→ **WHAT IS BEING ASKED**:
Find the line containing "Tesla CEO Elon", then print it and each line after it through the end of the listing exactly, with no pictures.

→ **DATASET EXCERPT**:
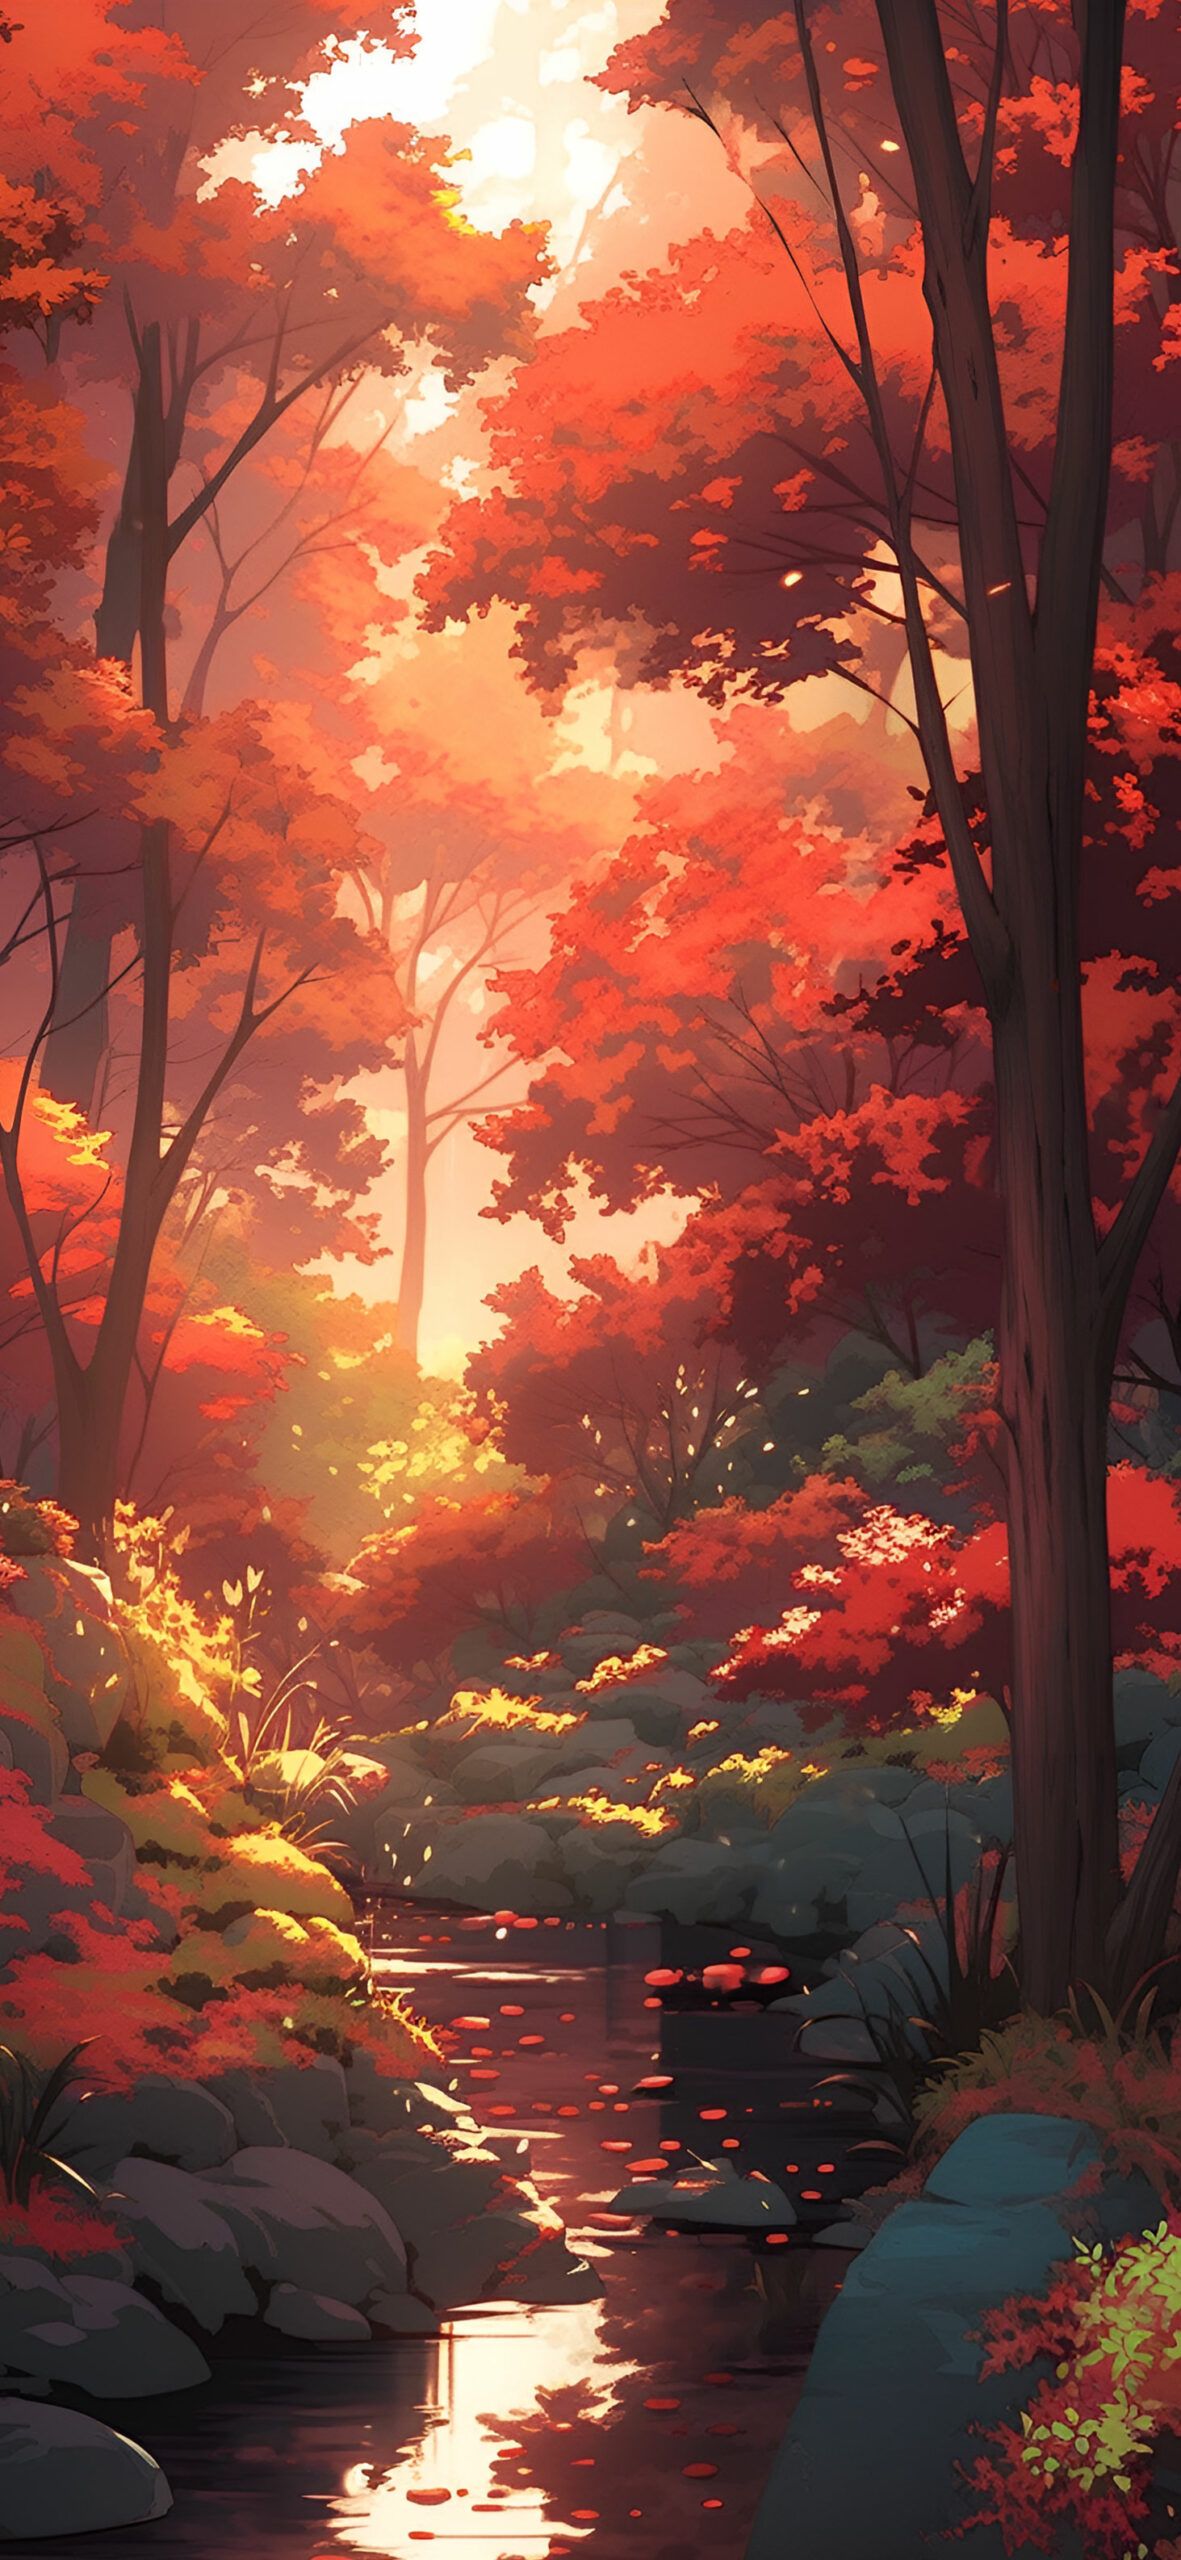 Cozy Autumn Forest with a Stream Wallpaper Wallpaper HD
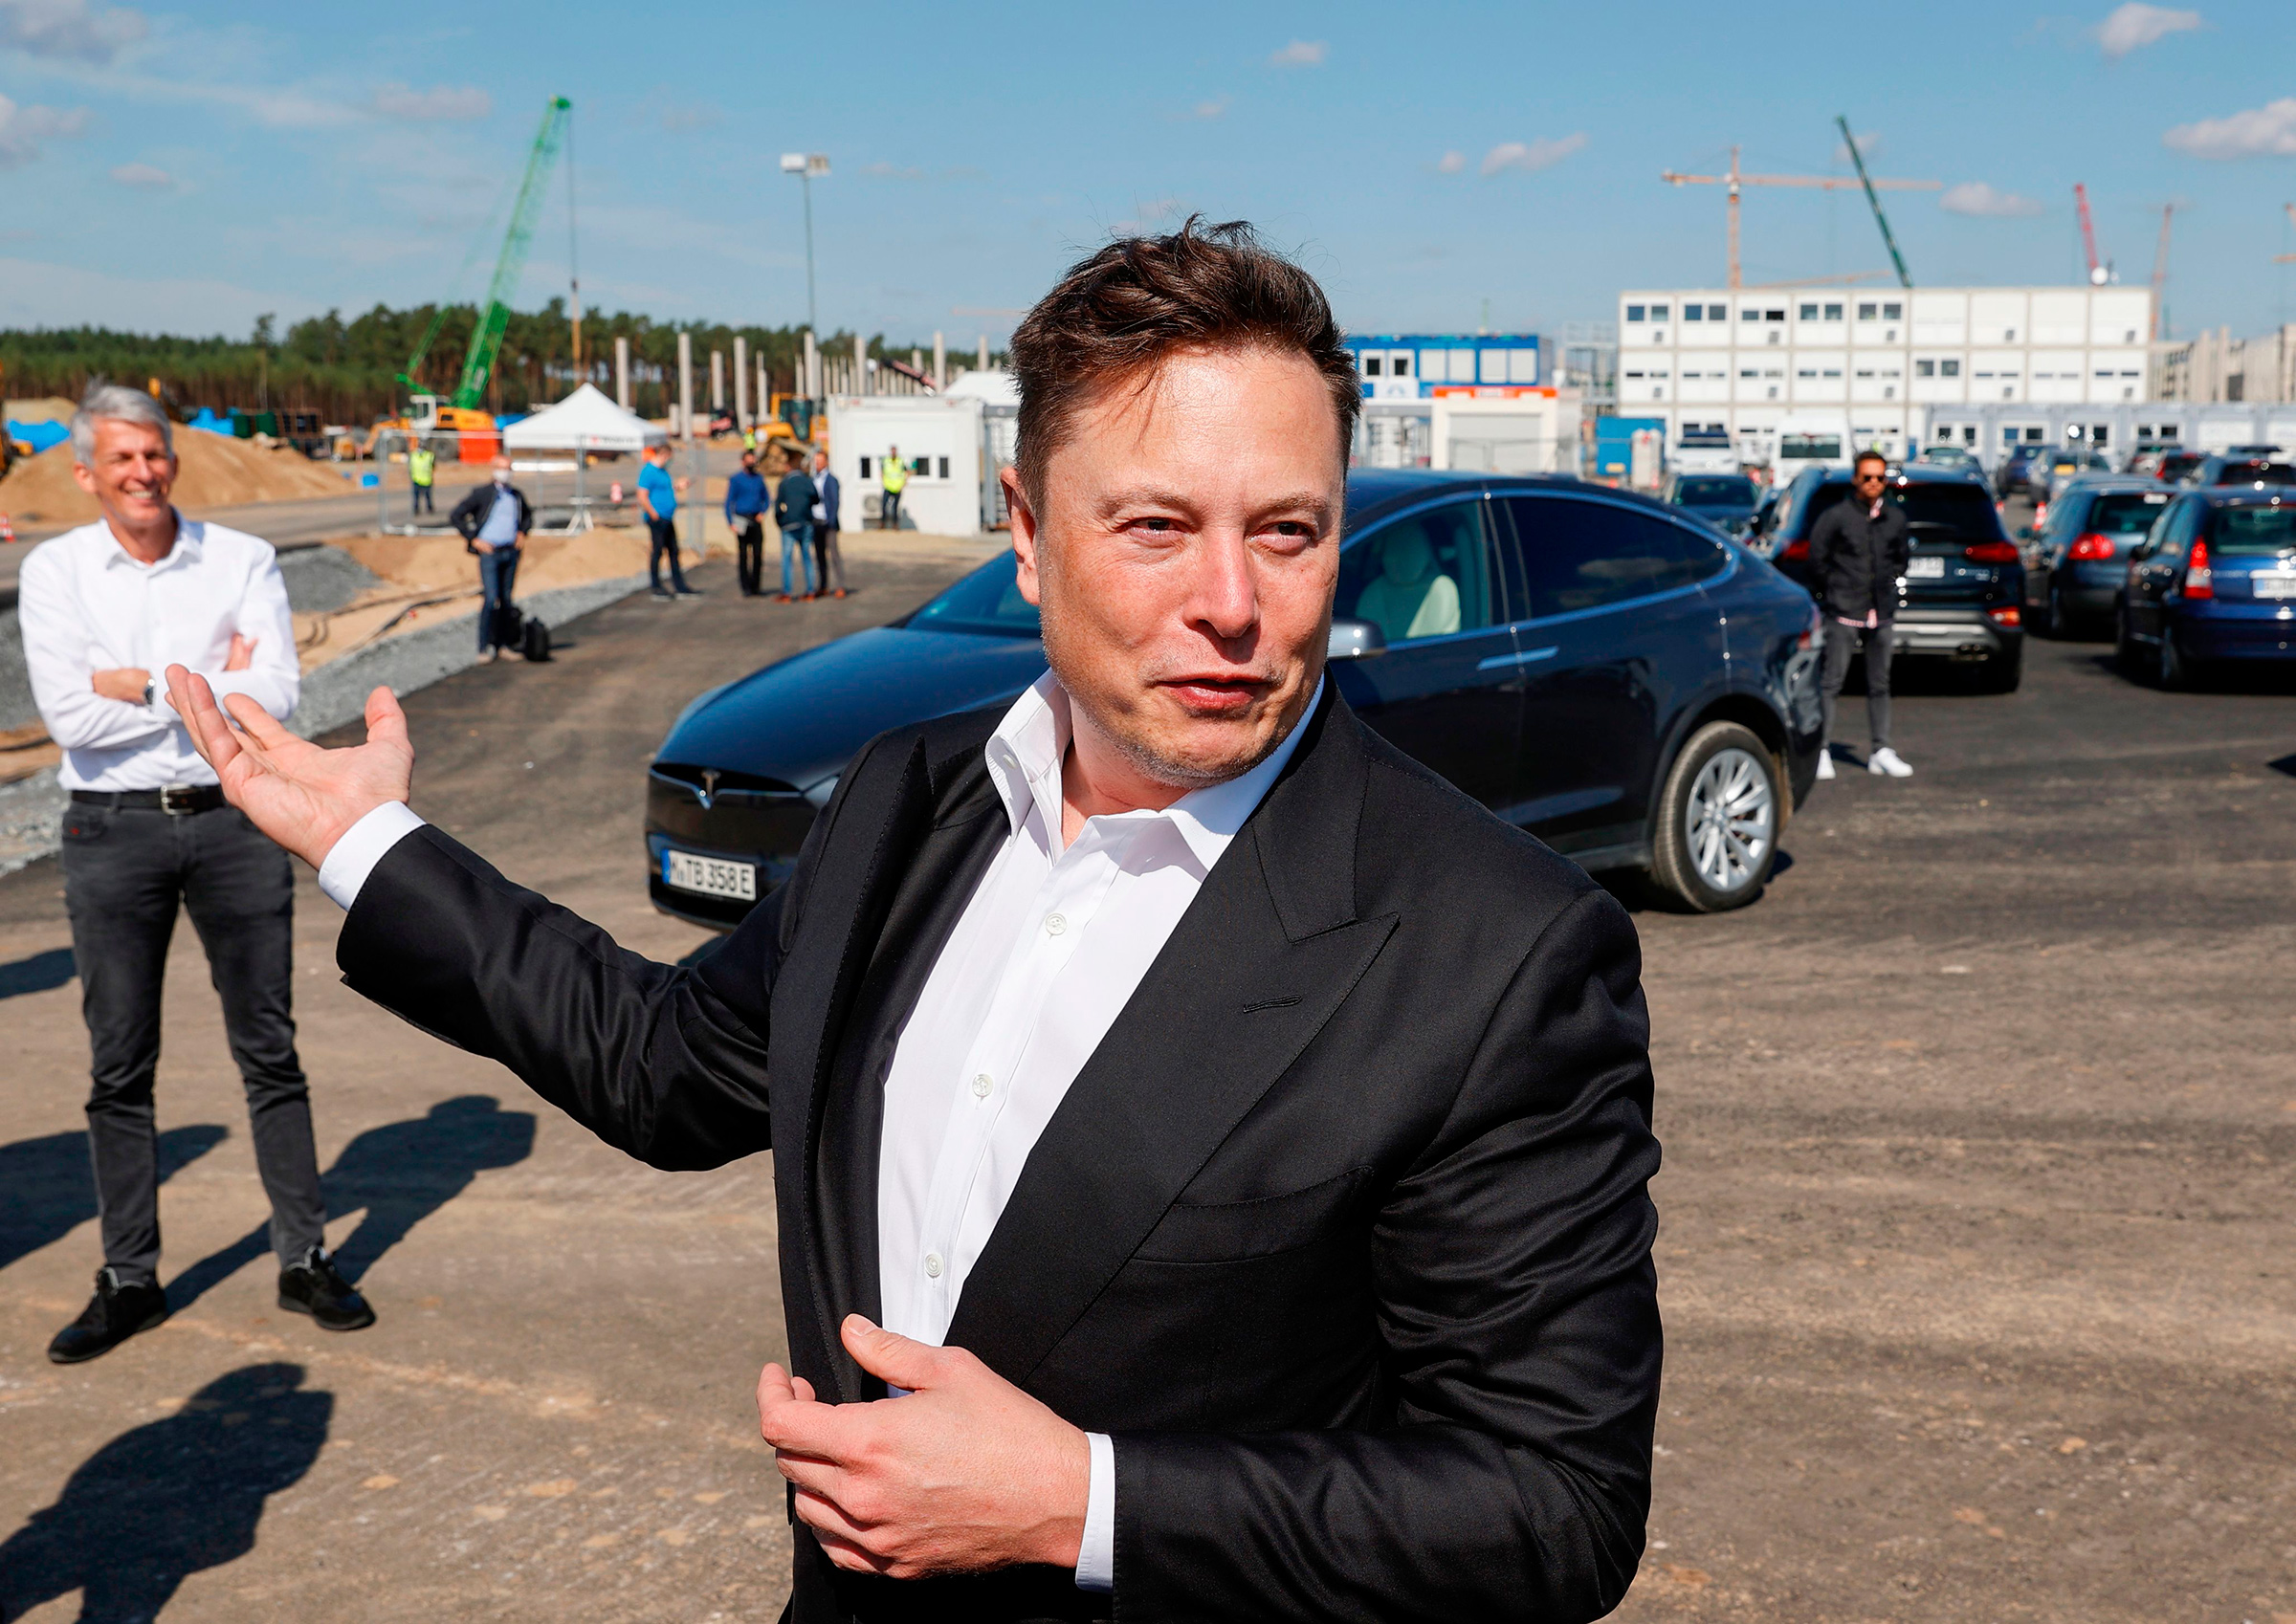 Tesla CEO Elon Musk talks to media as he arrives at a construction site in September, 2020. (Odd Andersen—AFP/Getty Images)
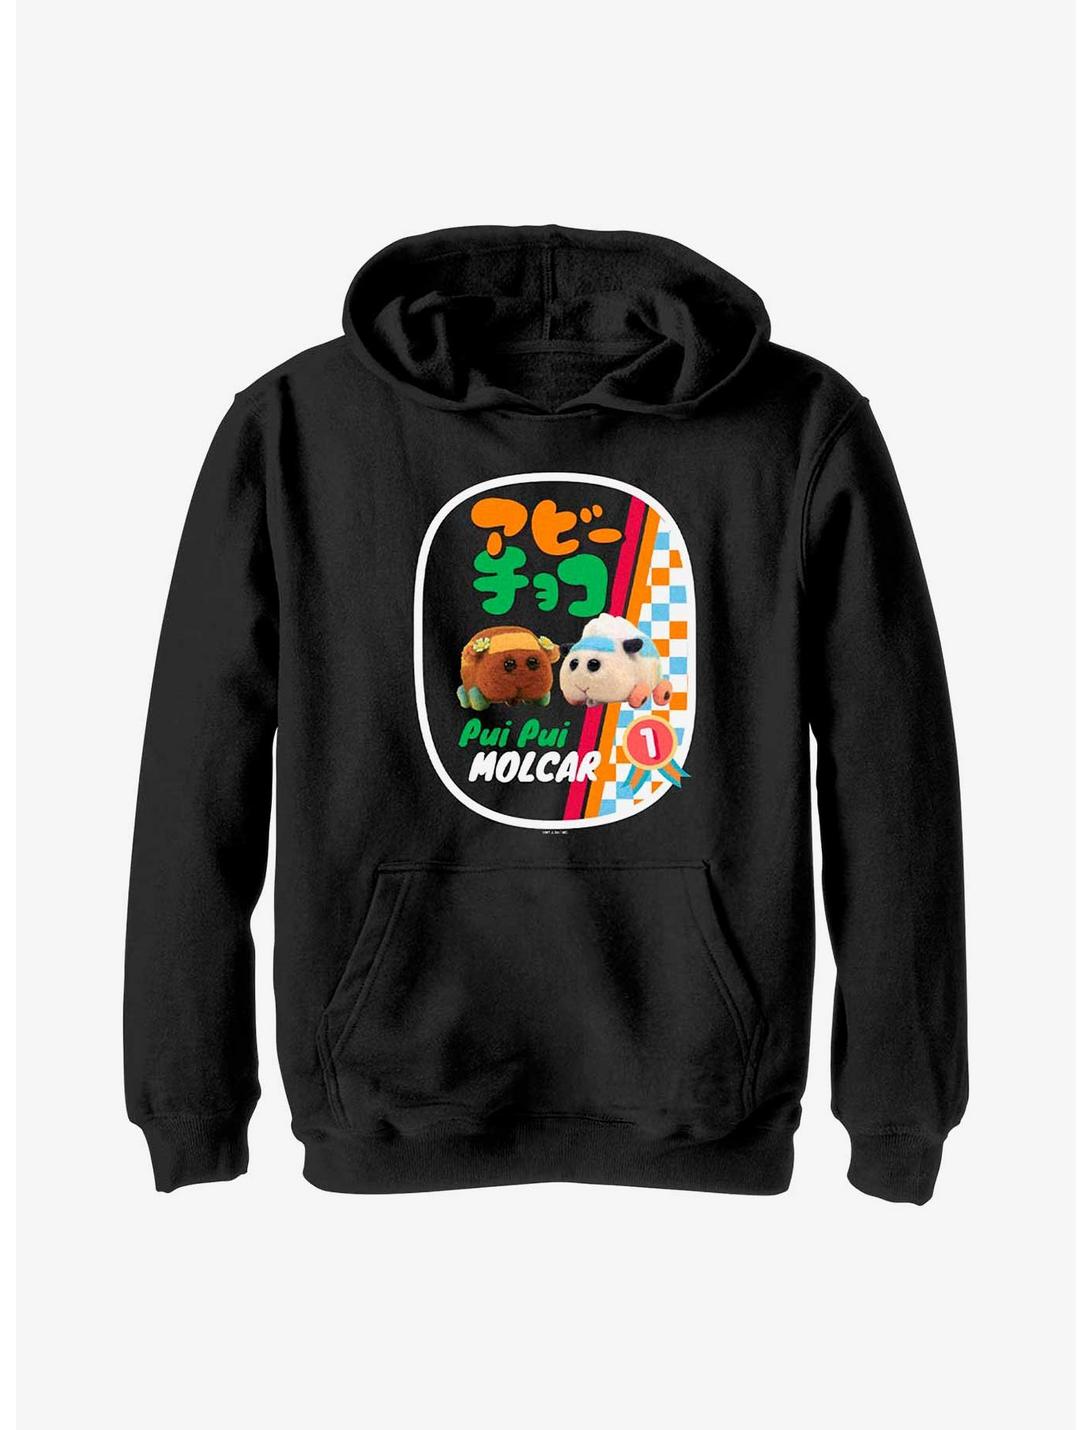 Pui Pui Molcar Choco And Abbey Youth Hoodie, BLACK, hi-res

→ **RESPONSE AREA**:
 Tesla CEO Elon Musk talks to media as he arrives at a construction site in September, 2020. (Odd Andersen—AFP/Getty Images)
 Pui Pui Molcar Choco And Abbey Youth Hoodie, BLACK, hi-res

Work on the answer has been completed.